Like the noble Lord, Lord Jay, I am a methane learner. I remember first discovering its importance in the late 1980s, when I talked to Sir Jack Lewis, who had been appointed by Mrs Thatcher as chair of the Royal Commission on Environmental Pollution and who later became a Member of this House. It struck me at the time that this concentration—80 times, as has been mentioned several times—was very powerful stuff. I think it is a 45% reduction that would help meet our Paris climate change target of 2030.

On the other hand, I am encouraged by some recent research. Last year, I came across something by Professor Vincent Gauci of the University of Birmingham. Apparently, microbes in tree bark in the world’s forests absorb much more methane than previously thought. Tree bark has previously been overlooked for its climate contribution. Apparently, if all the tree bark in the world was laid flat, it would cover the surface of the earth, so it represents a vast area for gas exchange between bark and atmosphere.

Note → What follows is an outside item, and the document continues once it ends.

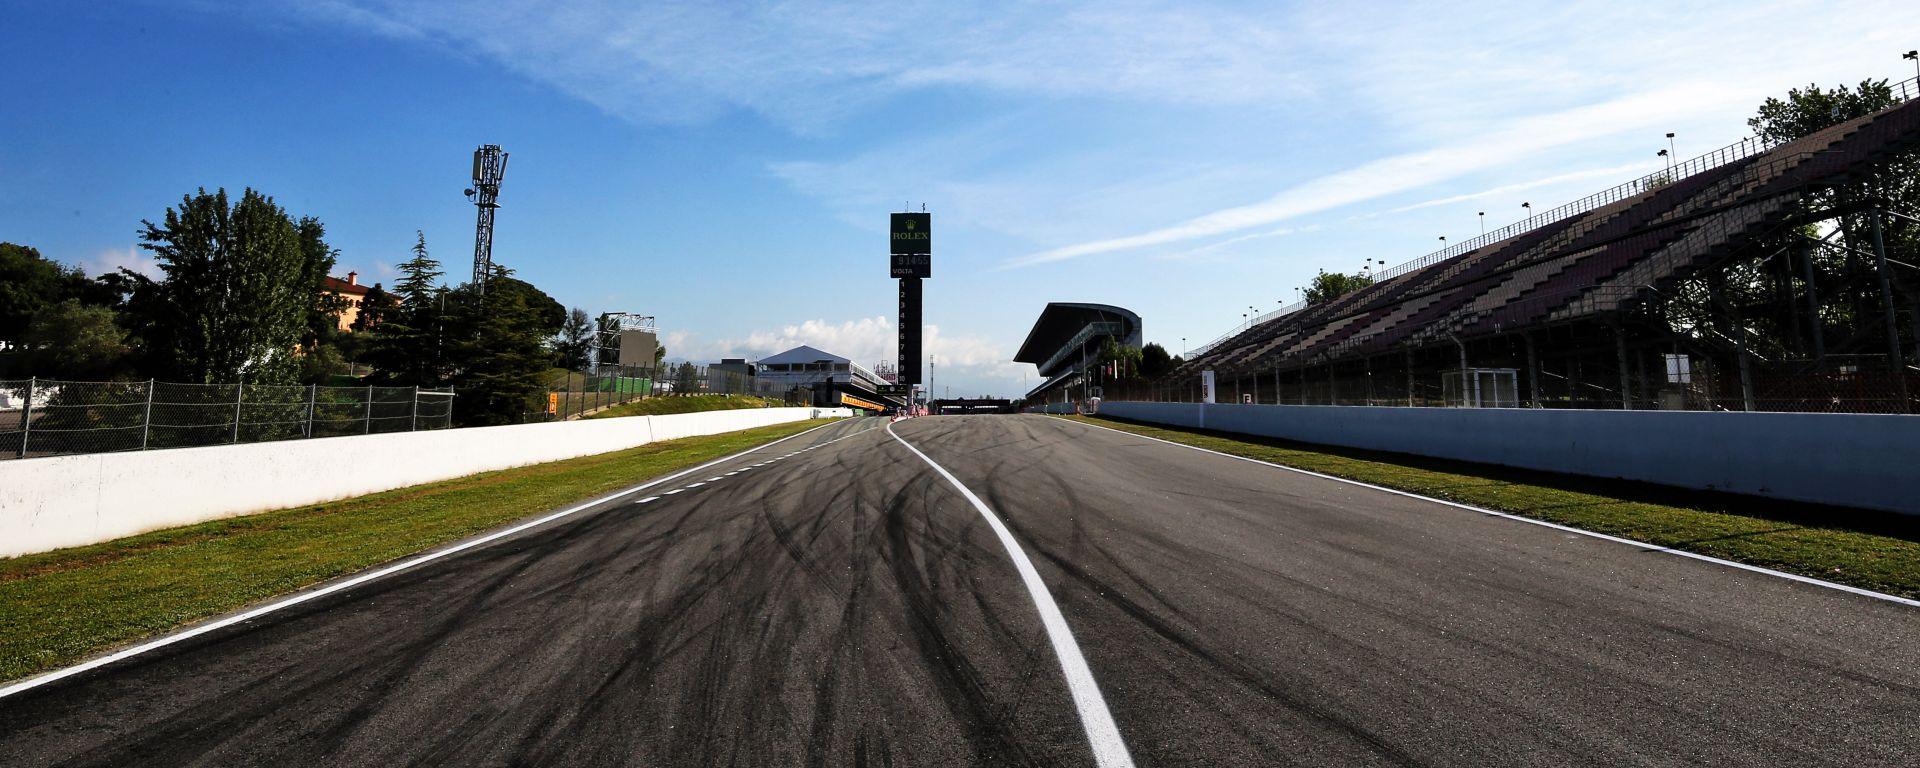 F1: il Circuit de Catalunya di Barcellona, sede del GP Spagna

Scientific research these days is often about vast quantities of data generated in a wide variety of areas, of which climate change is one. Last Friday, I happened to visit the Harwell Space Cluster. Believe me, the sheer amount of data it deals with from earth observation satellites is phenomenal, as I am sure the Committee will appreciate. I make the point to my noble friend the Minister and others that it is vital to continue to collect this data. I will direct my remarks towards chapter 3 of the committee’s report, recommendation 7 and the Government’s response to it.

Ordinarily, to say something like “collect the data” would be neither unusual nor particularly interesting. However, we live in a time when things are changing. On 16 April, the US National Oceanic and Atmospheric Administration announced a whole list of datasets regarding ocean monitoring that will be removed by the middle of this month. On 23 April, the BBC reported:

“Swathes of scientific data deletions are sweeping across US government websites—with decades of health, climate change and extreme weather research at risk. Now, scientists are racing to save their work before it’s lost”.


This is a tremendously important point. I can give the Committee further examples. Apparently, somebody researching the history of the Greenland ice sheet is afraid that all the data related to it will be deleted by the American authorities one way or another. It may be that the data shows a different pattern of Greenland’s ice sheets in the past that would affect our calculation of the future.

My time is almost up, so my plea to my noble friend the Minister is that, when he takes part in discussions with other countries on behalf of the British Government—I believe there is a UNFCCC conference in June 2027 on the horizon—he will do everything he can to ensure that we continue to collect the data without which debates like this are not possible and without which we cannot measure and make the progress we need to make on climate change.